Retinopathy of prematurity (ROP), also called retrolental fibroplasia (RLF) and Terry syndrome, is a disease of the eye affecting prematurely born babies generally having received neonatal intensive care, in which oxygen therapy is used due to the premature development of their lungs. It is thought to be caused by disorganized growth of retinal blood vessels which may result in scarring and retinal detachment. ROP can be mild and may resolve spontaneously, but it may lead to blindness in serious cases. Thus, all preterm babies are at risk for ROP, and very low birth-weight is an additional risk factor. Both oxygen toxicity and relative hypoxia can contribute to the development of ROP.

Causes

By the fourth month of pregnancy, the fetal retina has begun to develop vascularization. Such formation of blood vessels appears to be very sensitive to the amount of oxygen supplied, either naturally or artificially. In rare cases ROP has been found in some patients with a mutation in the NDP gene, which is normally associated with the more damaging Norrie disease.

Risk factors

Various risk factors contribute to the development of ROP. They are:
 Prematurity
 High exposure to oxygen
 Low birth weight
 Various types of infections
 Cardiac defects
 Anaemia 
 Low vitamin E level

Pathophysiology

During development, blood vessels grow from the central part of the retina outwards. This process is completed a few weeks before the normal time of delivery. However, in premature babies it is incomplete. If blood vessels grow normally, ROP does not occur. If the vessels grow and branch abnormally the baby develops ROP. These abnormal blood vessels may grow up from the plane of the retina and may bleed inside the eye. When the blood and abnormal vessels are reabsorbed, it may give rise to multiple band like membranes which can pull up the retina, causing detachment of the retina and eventually blindness before 6 months.
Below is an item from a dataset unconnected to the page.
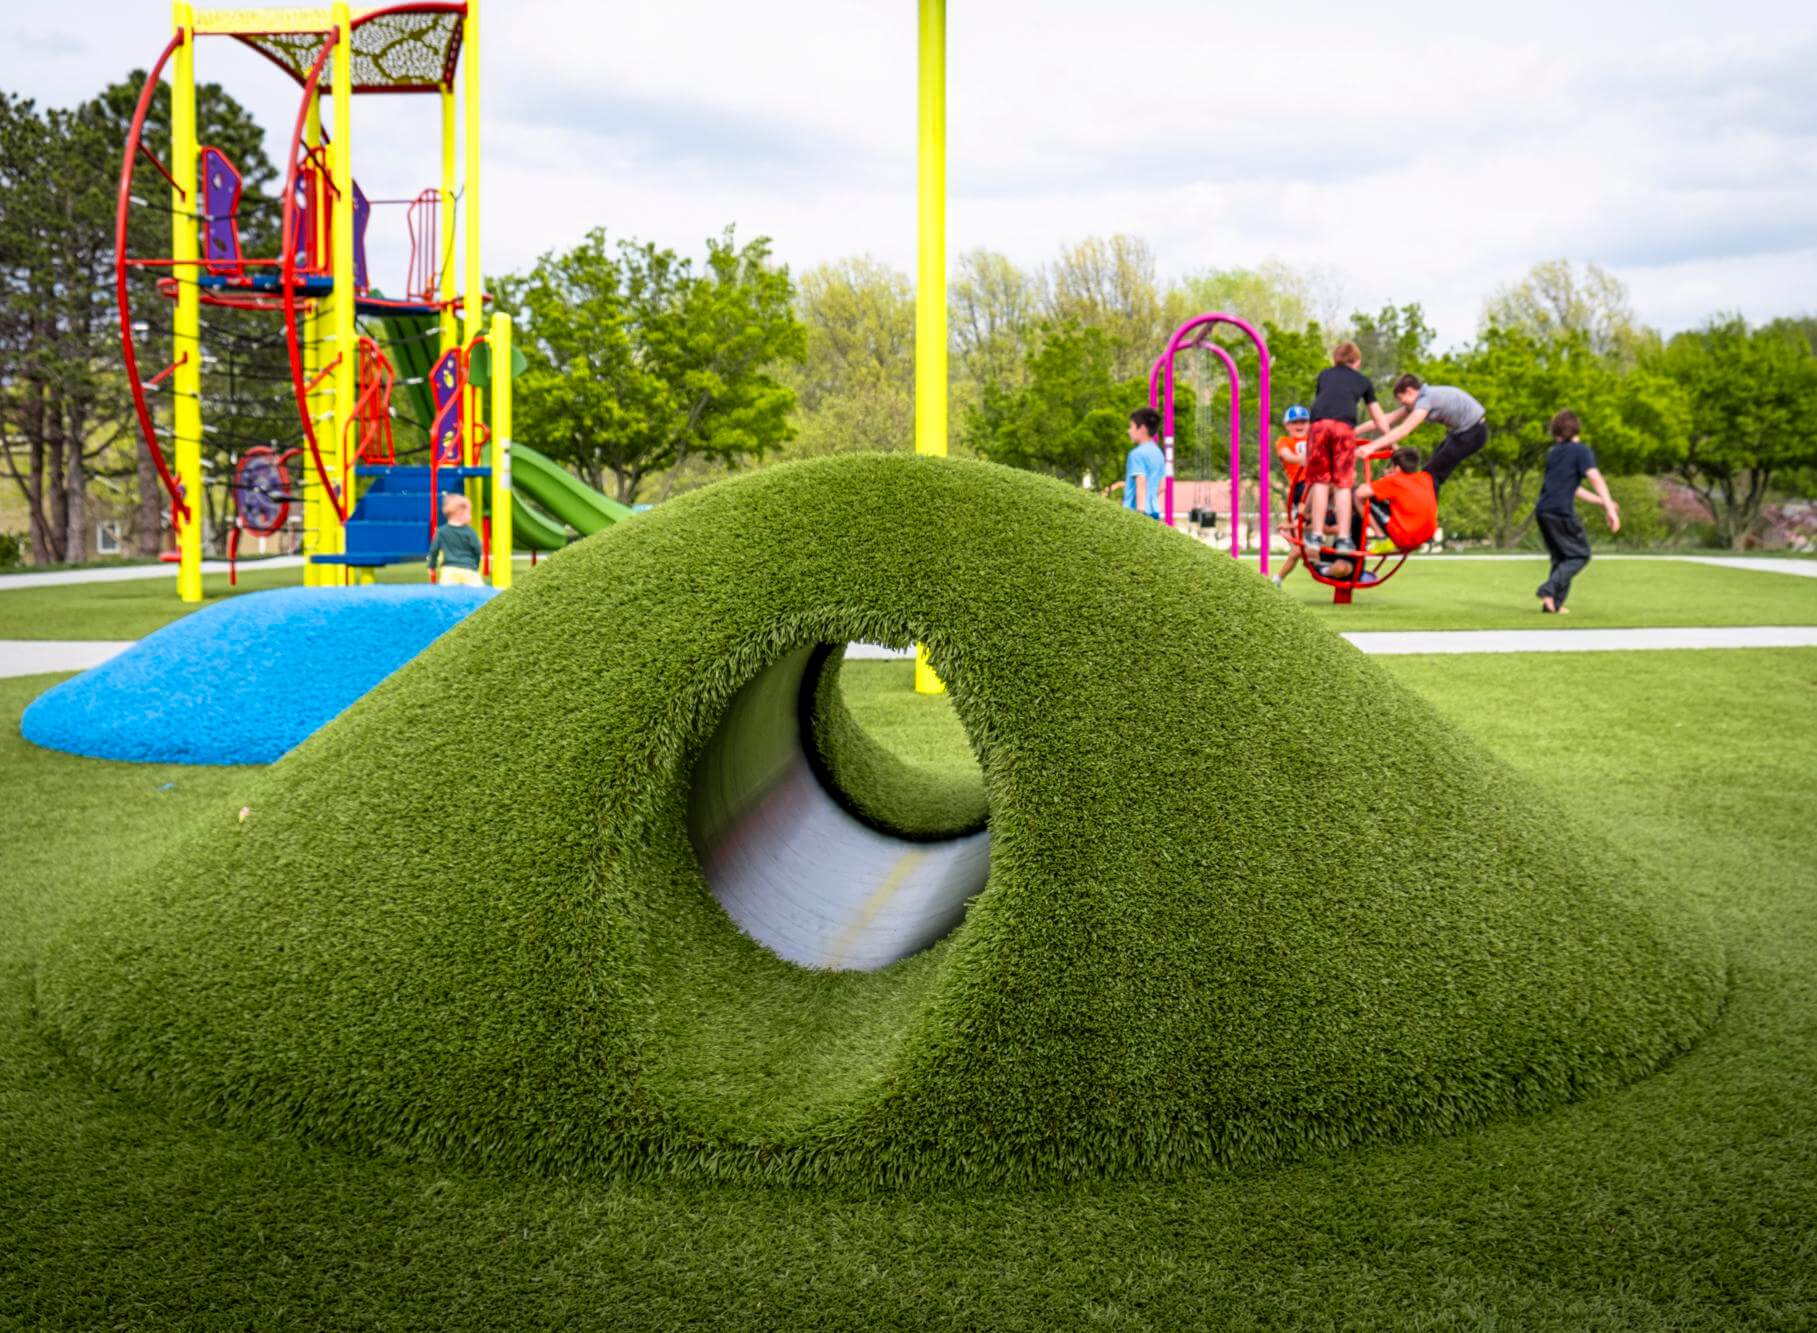 Playground with children on equipment and a dome climber on well-maintained synthetic grass.

Normally, maturation of the retina proceeds in utero, and at term, the medial portion (Nasal retina) of the retina is fully vascularized, while the lateral portion (Temporal retina) is only incompletely vascularized. The normal growth of the blood vessels is directed to relatively low-oxygen areas of the retina, but the vessels remain in the plane of the retina and do not grow into the vitreous humor. If excess oxygen is given, normal blood vessels degrade and cease to develop. When the excess oxygen environment is removed, the blood vessels rapidly begin forming again and grow into the vitreous humor of the eye from the retina.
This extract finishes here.